FUENTE: El País
A los pacientes anoréxicos o bulímicos (el 90% mujeres) les resulta decisivo su lugar de residencia. Si viven en una región u otra su tratamiento sanitario puede ser excelente o pésimo, y por tanto sus posibilidades de curación se multiplican o decrecen. A pesar de ser la enfermedad mental con mayor índice de mortalidad (0,56% de los enfermos mueren cada año, 12 veces más que la media de jóvenes en general), las 17 comunidades han optado por soluciones asistenciales muy dispares: desde unidades específicas con psiquiatras y psicólogos al pie del cañón para sus necesidades, hasta protocolos confusos que ocasionan un peregrinaje por múltiples unidades.

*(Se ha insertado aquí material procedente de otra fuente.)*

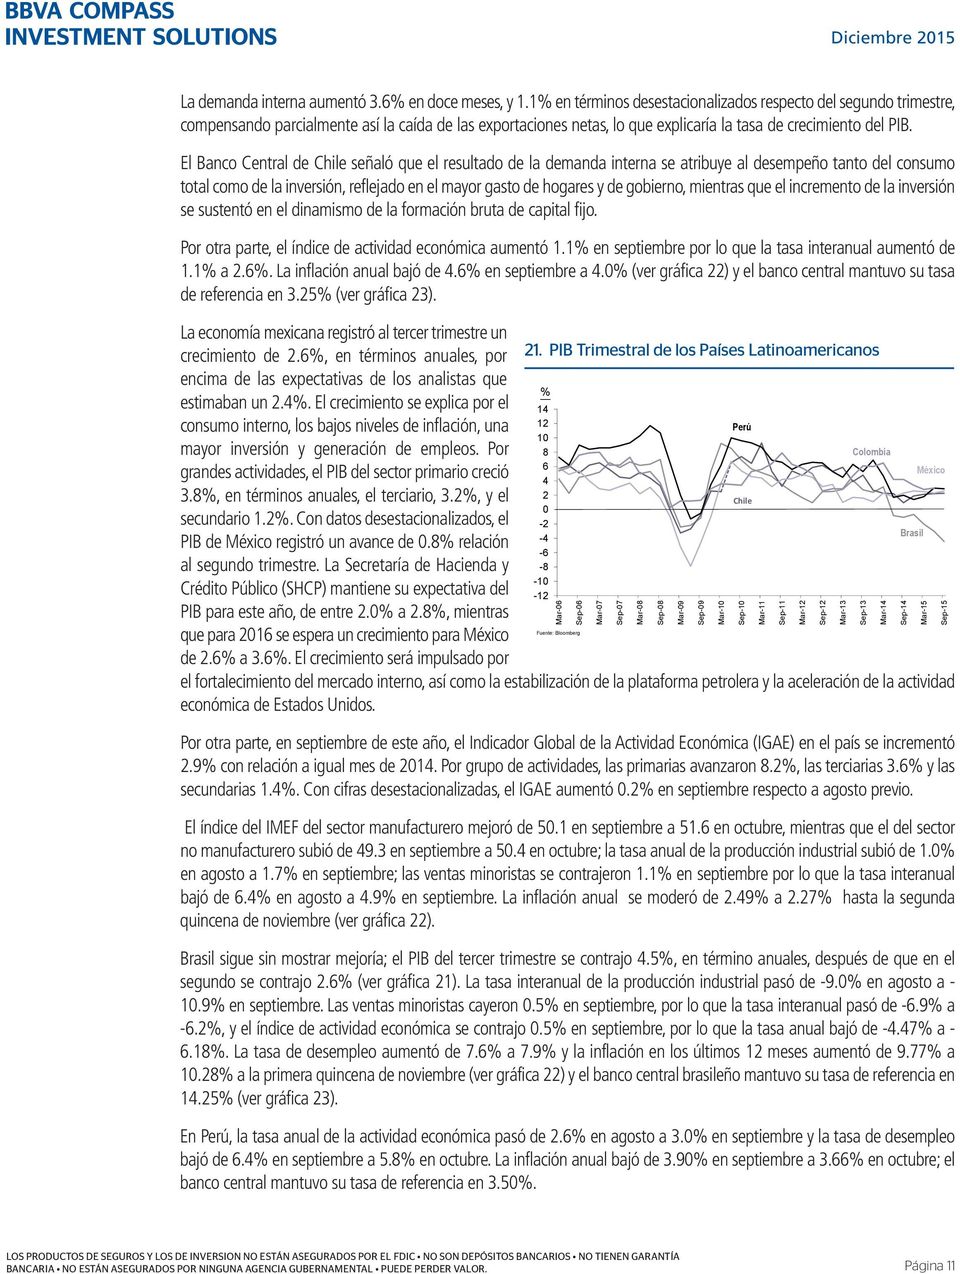 El Banco Central de Chile señaló que el resultado de la demanda interna se atribuye al desempeño tanto del consumo total como de la inversión, reflejado en el mayor gasto de hogares y de gobierno,

“Mi hija lleva ocho años enferma y en este tiempo ha pasado por unidades de cardiología, pediatría, salud mental, medicina interna y endocrinología en siete hospitales de Jaén, Albacete, Granada y Ciudad Real. La otra opción es dejarla morir en casa, lentamente. Tienes que batallar continuamente con el propio sistema sanitario. ¿Quién protege a nuestros niños y jóvenes? ¿Cómo es posible en un Estado que promulga la igualdad en cualquier parte del territorio que unas comunidades tengan unidades especializadas y otras no?”. El grito desesperado de Patricia Cervera, una madre de Granada que ha recogido 200.000 firmas para agitar las conciencias de los dirigentes de la Junta de Andalucía, ha surtido efecto. El Gobierno andaluz ha avanzado que creará dos unidades específicas en esta región, aunque sin comprometer plazos.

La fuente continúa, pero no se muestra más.